Tag Archives: court corruption

My Day in Court

Yesterday the district attorney for Alameda county made a decision to drop all charges against me.  After attending dozens of court dates since being violently abducted on 4 January 2012, and again on Mayday several months later by Oakland Police officers dressed in Storm Trooper costumes, my day in court was denied.

In a bizarre, but what appears to be routine display of abject dishonesty, she rambled to the judge for seven minutes about how this was an Occupy Oakland case, and the fact that I had been apprehended along with eleven others, most of whom had agreed to a plea deal (all highly prejudicial commentary had there been a trial ensuing).  She banked her dismissal of charges in her assessment that I (at least a decade her senior) had been a good little girl all year, which begs the question : why, after having zero contact with police for a year (since her violent abduction after the raid of the Occupy Oakland encampment at Oscar Grant Plaza on 25 October 2011), did the district attorney choose to file charges against my daughter three days before the year was up?

The district attorney failed, as only a government  paid liar can do, to admit to the court the true reason she was dismissing these charges.  Not only did the state have no evidence against me, but they had zero evidence that a crime had even been committed in the zone where I was abducted on each of those days.

Once again, a citizen is denied her day in court.

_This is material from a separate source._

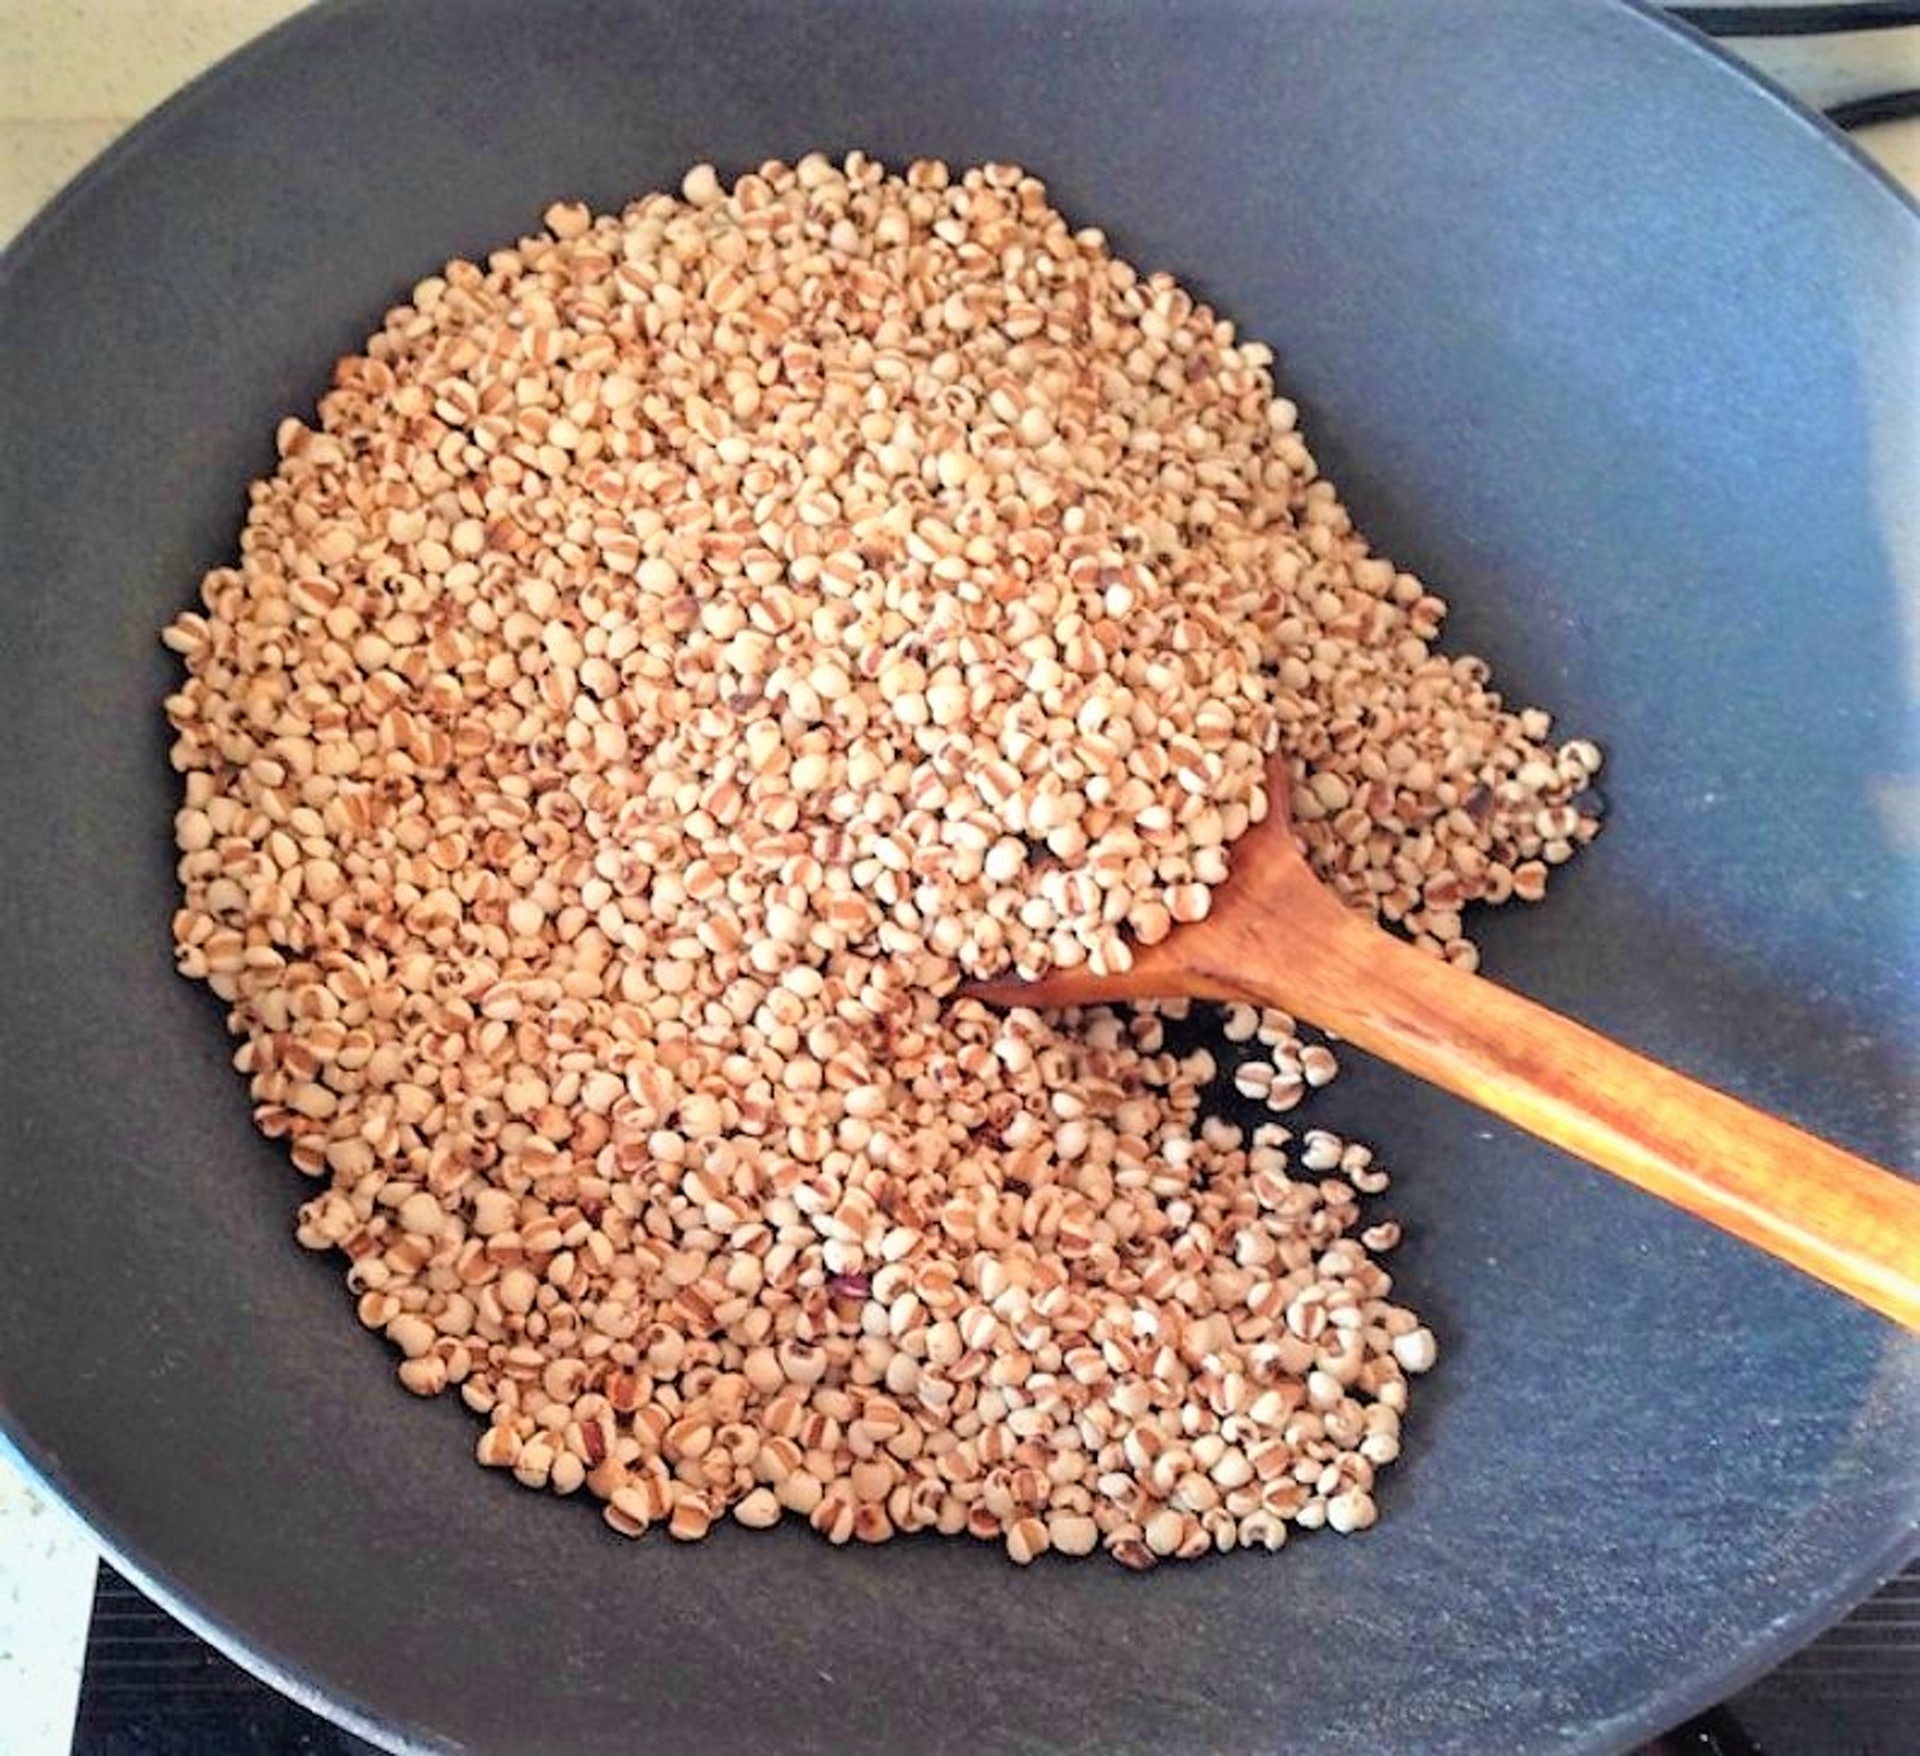 3.煮法錯了︳赤小豆及薏米難煮爛，宜用溫水浸泡2小時後再煮，否則營養成分難出，如沒有時間浸泡，可以多煮半小時。（網上圖片）

While giving thanks to beautiful people who happen to be criminal attorneys, such as my attorney John Viola and other National Lawyers Guild folks for their dedicated service in the efforts to keep good people out of cages, many of us are now in search of civil attorneys to help file valid claims against the government for the ongoing abuses and violations of our human and civil rights.  Please pass the word : civil attorney needed.

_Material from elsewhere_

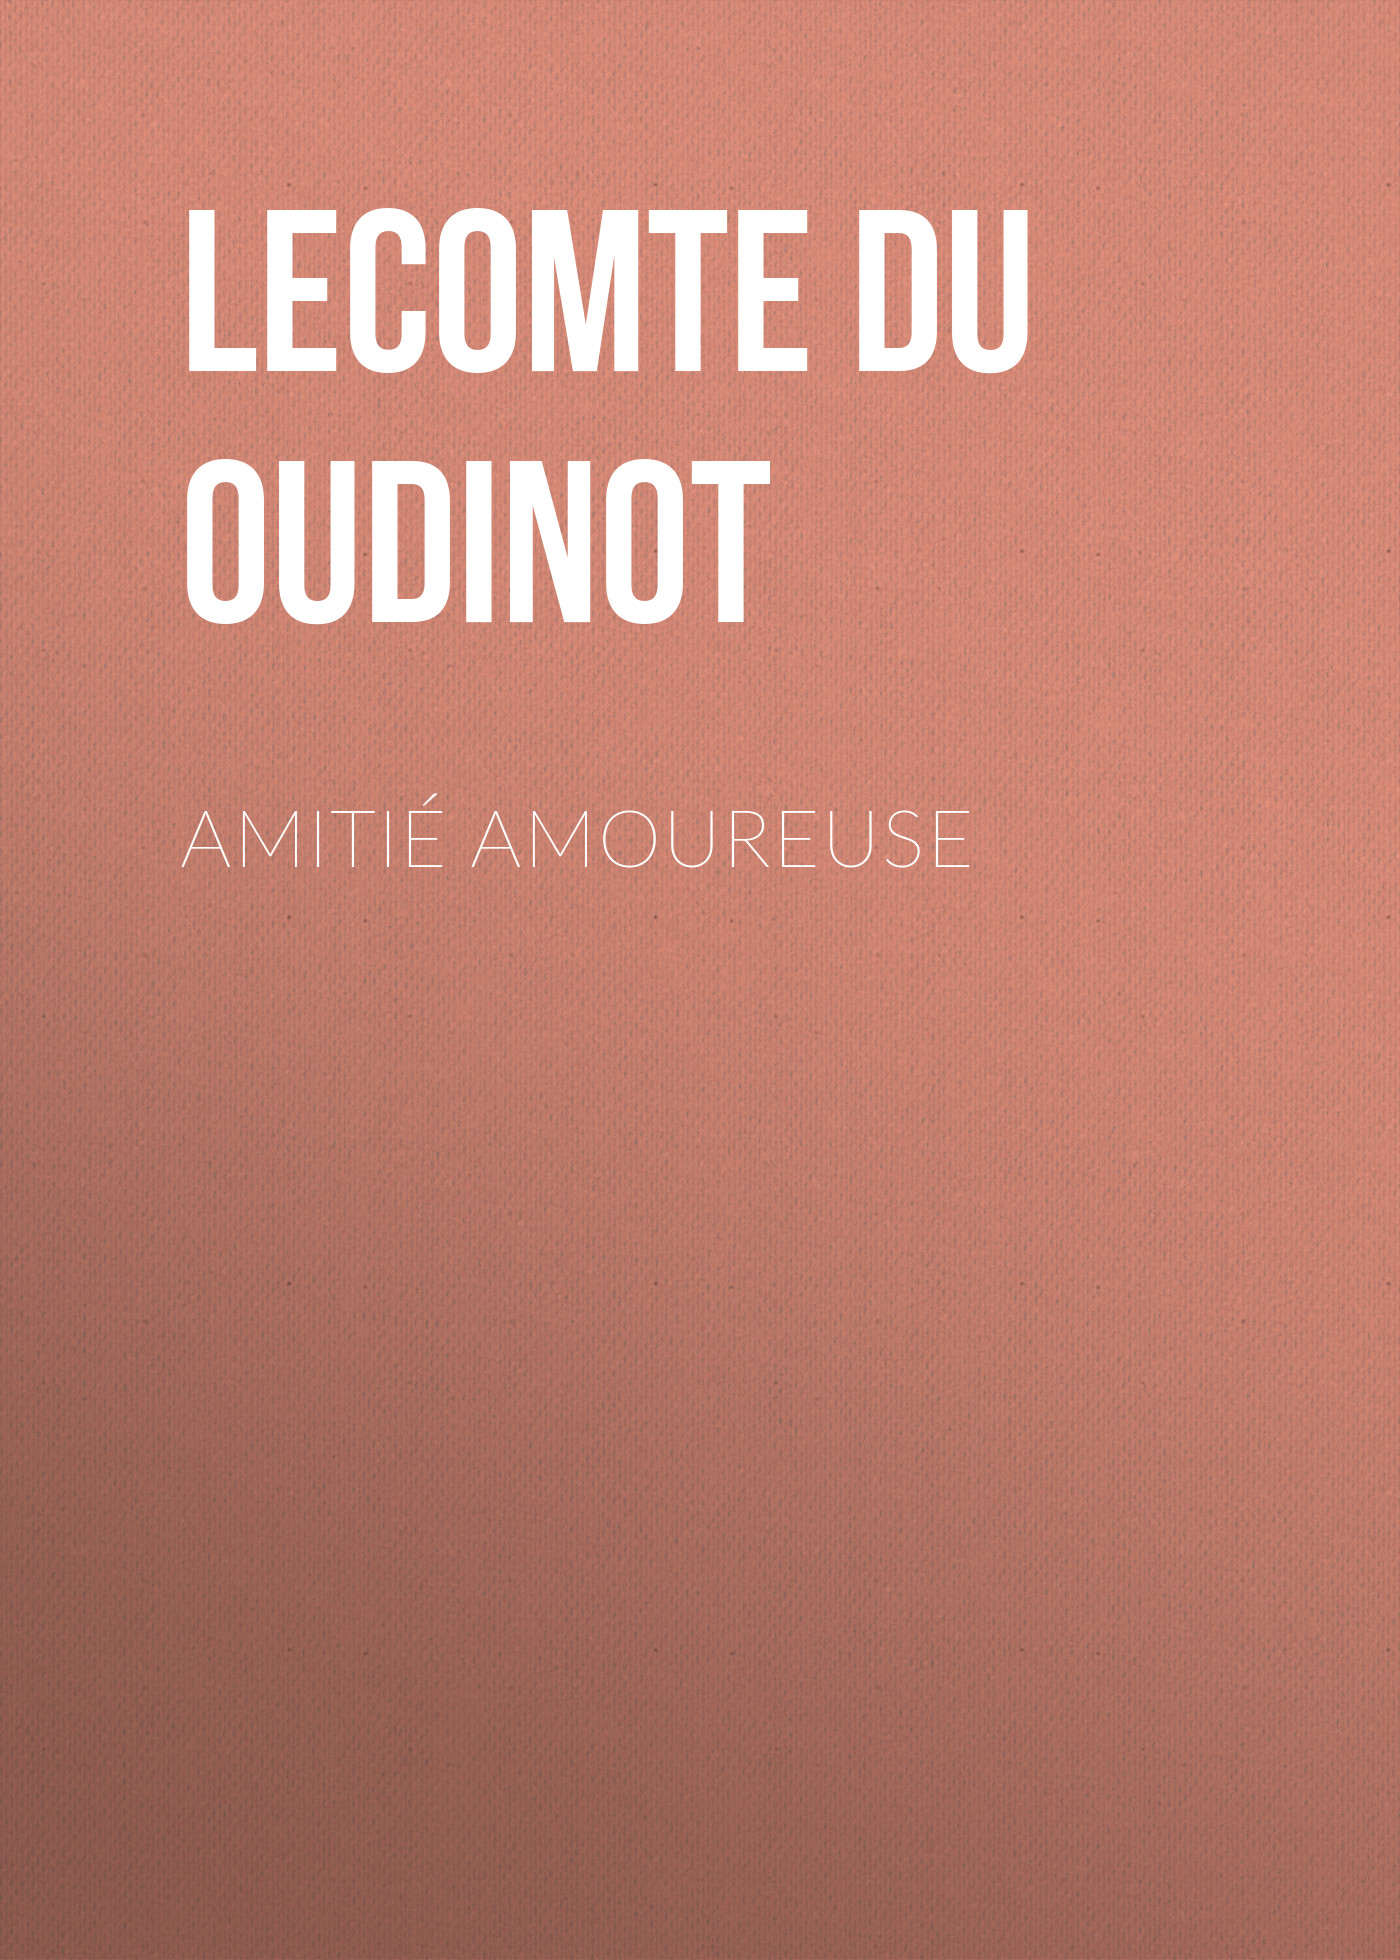 Книга Amitié amoureuse из серии , созданная Hermine Lecomte du Noüy, может относится к жанру Литература 19 века, Зарубежная старинная литература, Зарубежная классика. Стоимость электронной книги Amitié amoureuse с идентификатором 25476607 составляет 0 руб.

Only by filing rights violation claims against the police, the district attorney office, the city, county, state, and federal governments will we ever be able to force the officers involved in these illegal abductions to tell the truth or risk charges of perjury.  Even then, the City of Oakland and other governments will likely gladly waste more tax dollars paying out settlements before forcing publicly funded police officers to tell the truth about these unconstitutional acts by police.  At least we’d have our tax money back in our own hands.